Your instructions -
This exercise calls for an exact copy of the listing, with no pictures kept.

Dataset extract -
┄┄┄┄┄┄
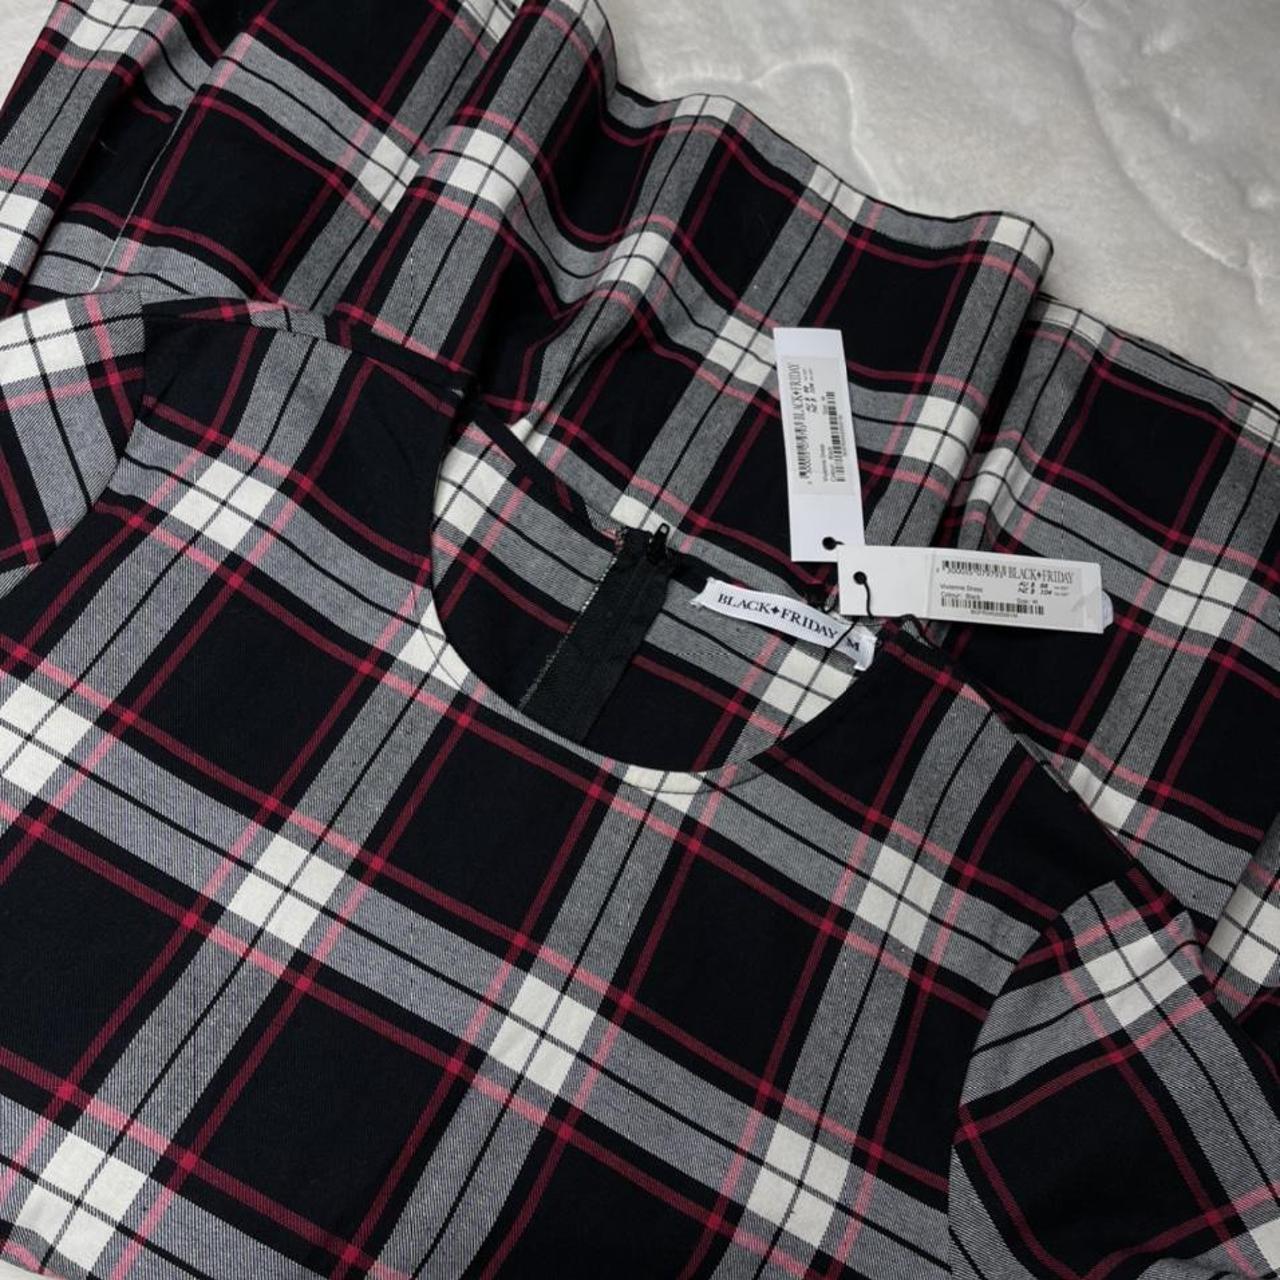 Product Image 1 - Dangerfield Black Friday plaid dress
New,
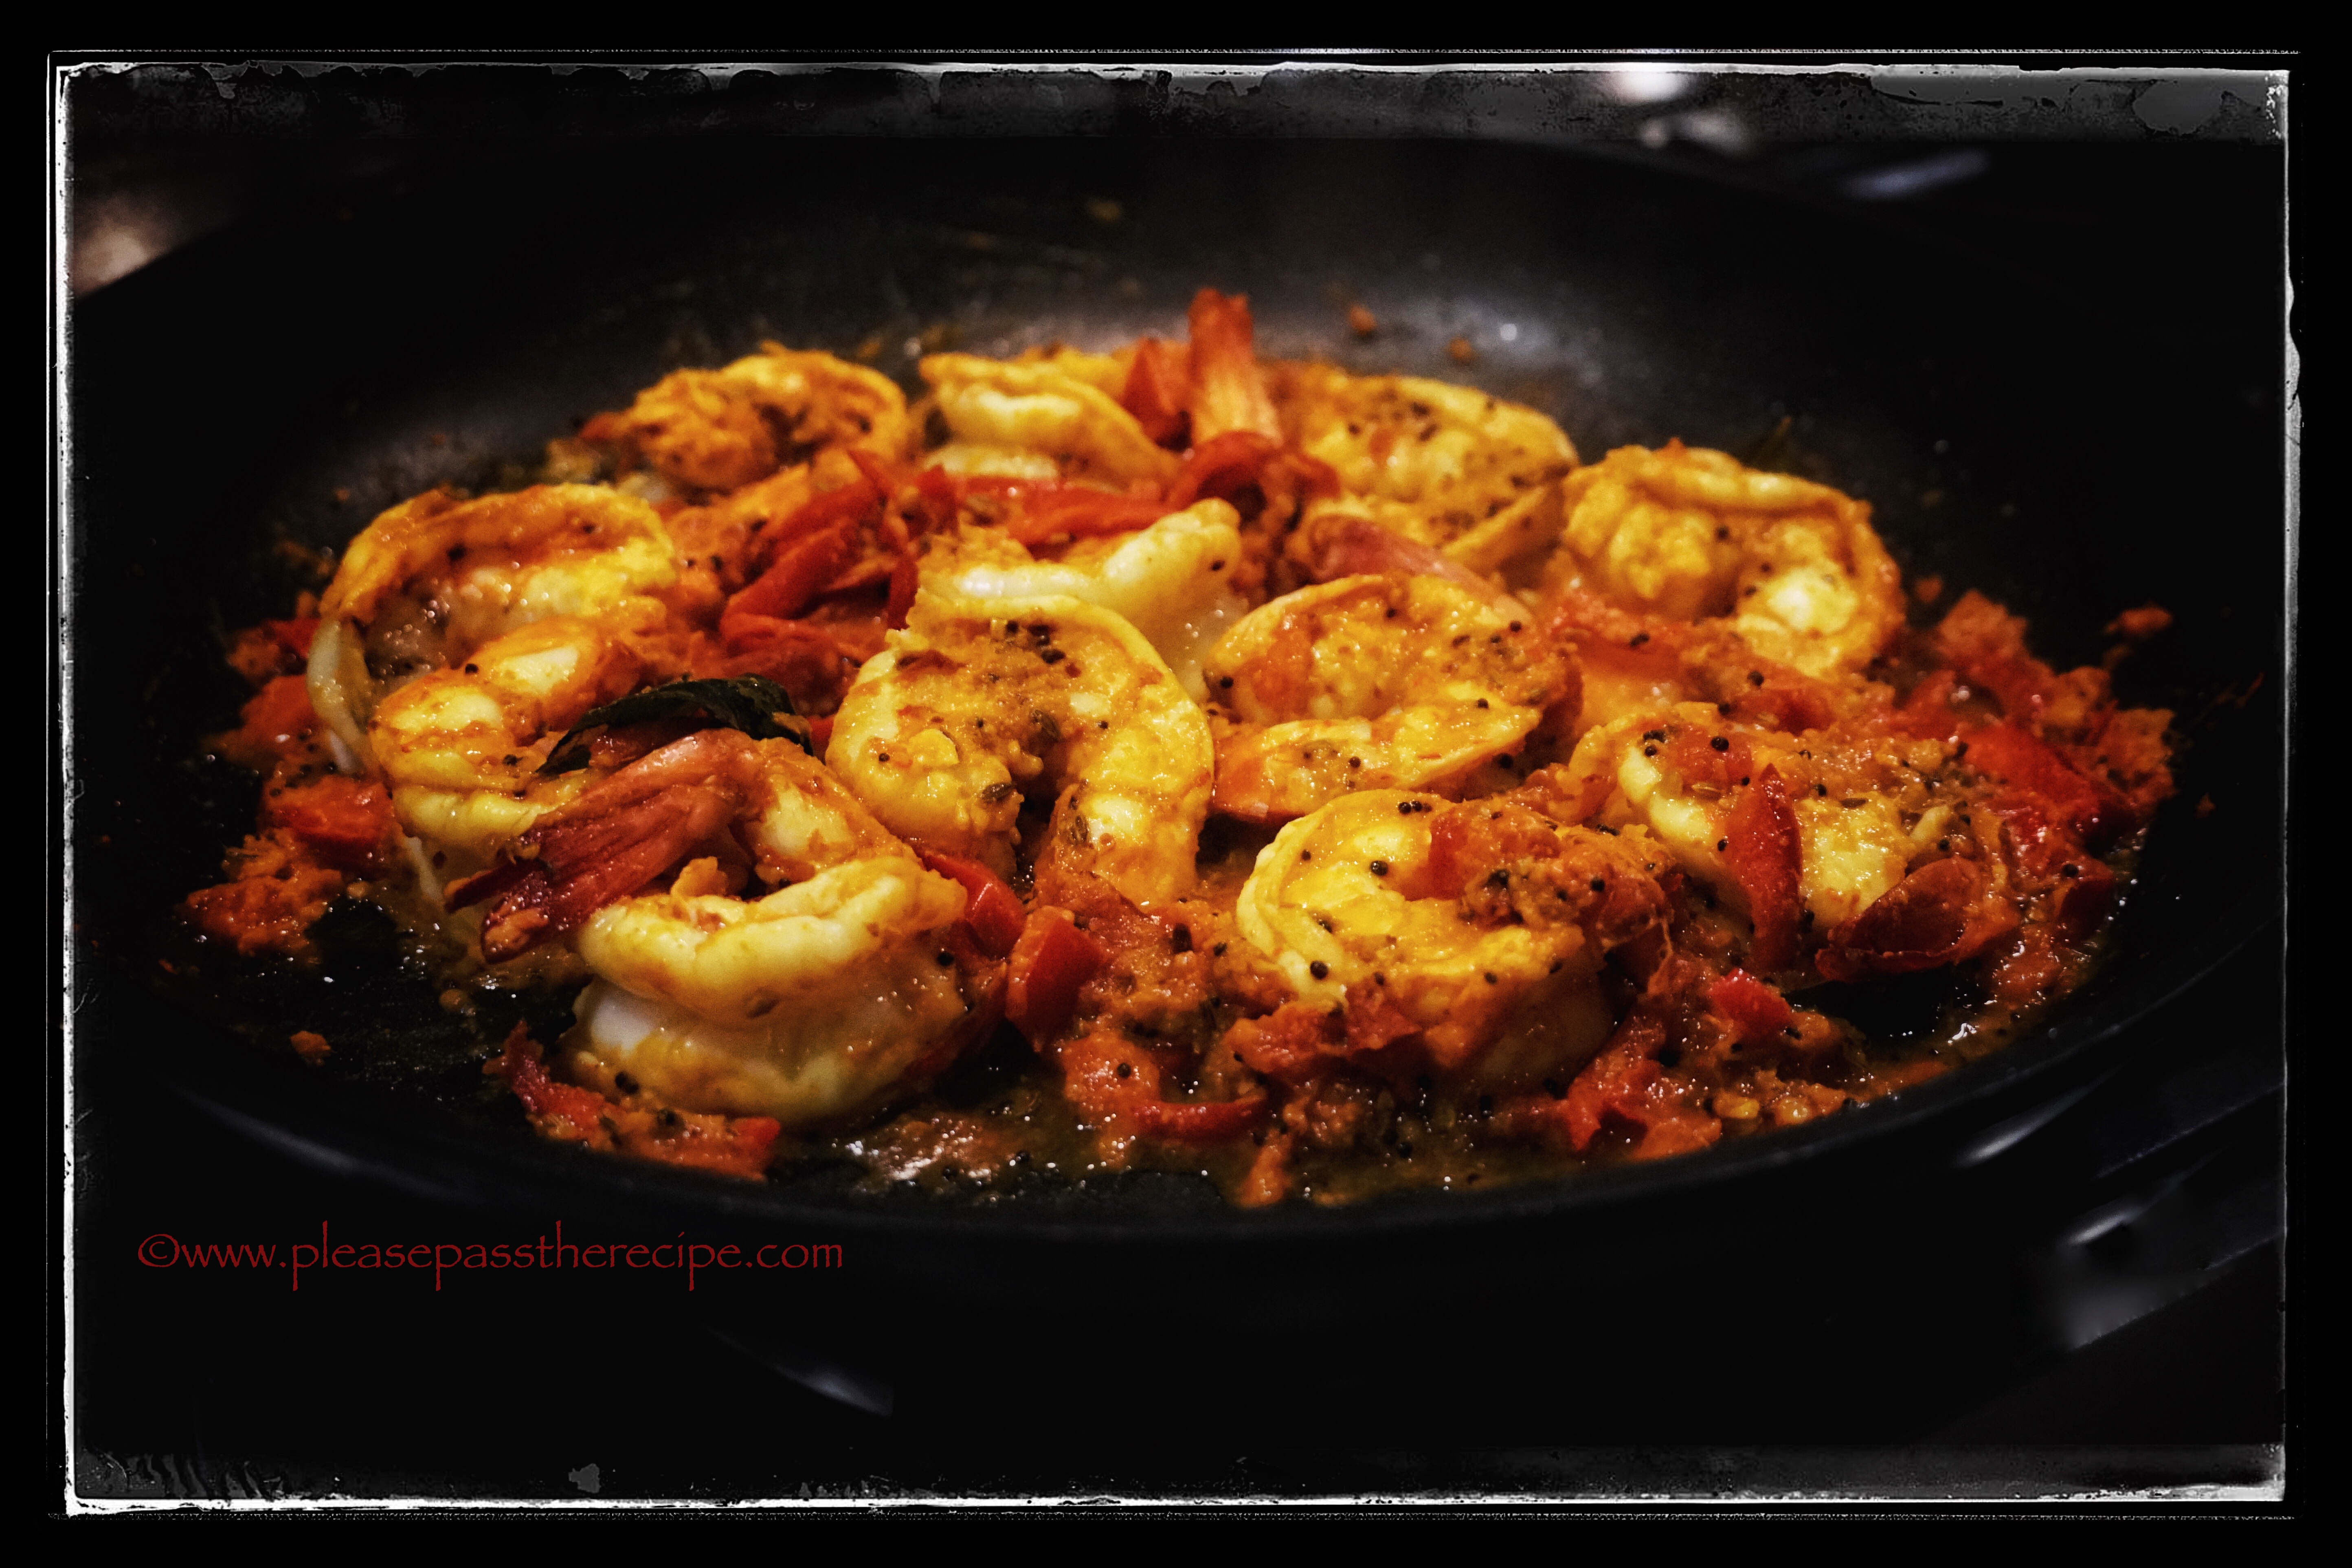 Spiced prawns and peppers
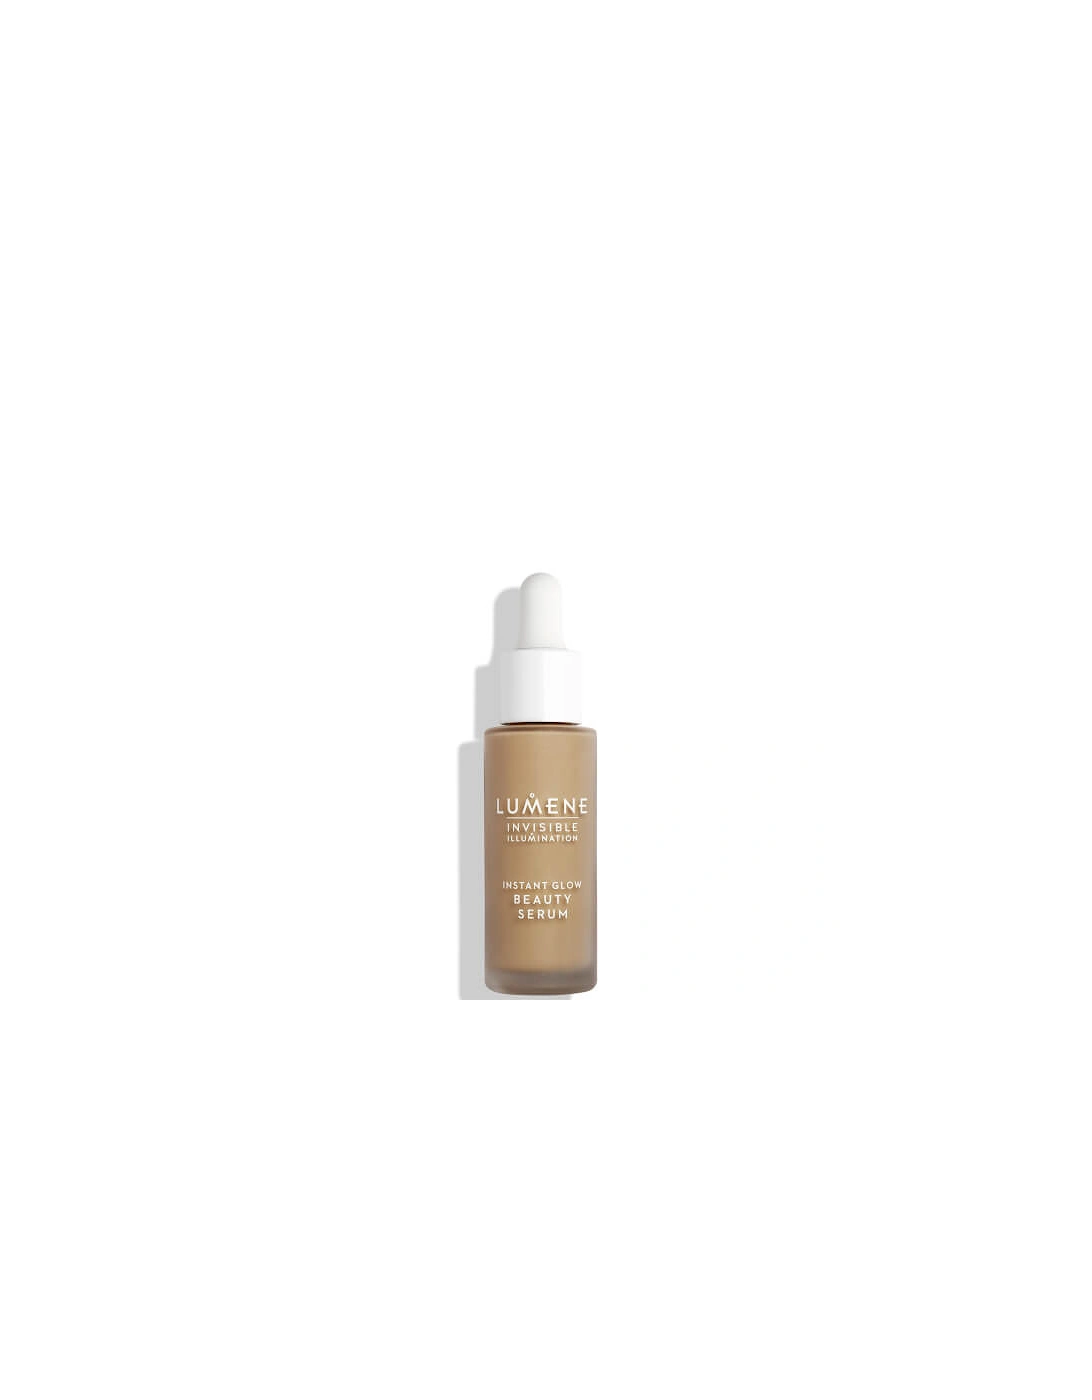 Invisible Illumination Instant Glow Beauty Serum - Universal Tan - - Invisible Illumination Instant Glow Beauty Serum - Universal Tan - Invisible Illumination Instant Glow Beauty Serum - Universal Bronze - Invisible Illumination Instant Glow Beauty Serum - Universal Deep, 2 of 1
┄┄┄┄┄┄
Solution for this problem -
 Product Image 1 - Dangerfield Black Friday plaid dress
New,
 Spiced prawns and peppers
 Invisible Illumination Instant Glow Beauty Serum - Universal Tan - - Invisible Illumination Instant Glow Beauty Serum - Universal Tan - Invisible Illumination Instant Glow Beauty Serum - Universal Bronze - Invisible Illumination Instant Glow Beauty Serum - Universal Deep, 2 of 1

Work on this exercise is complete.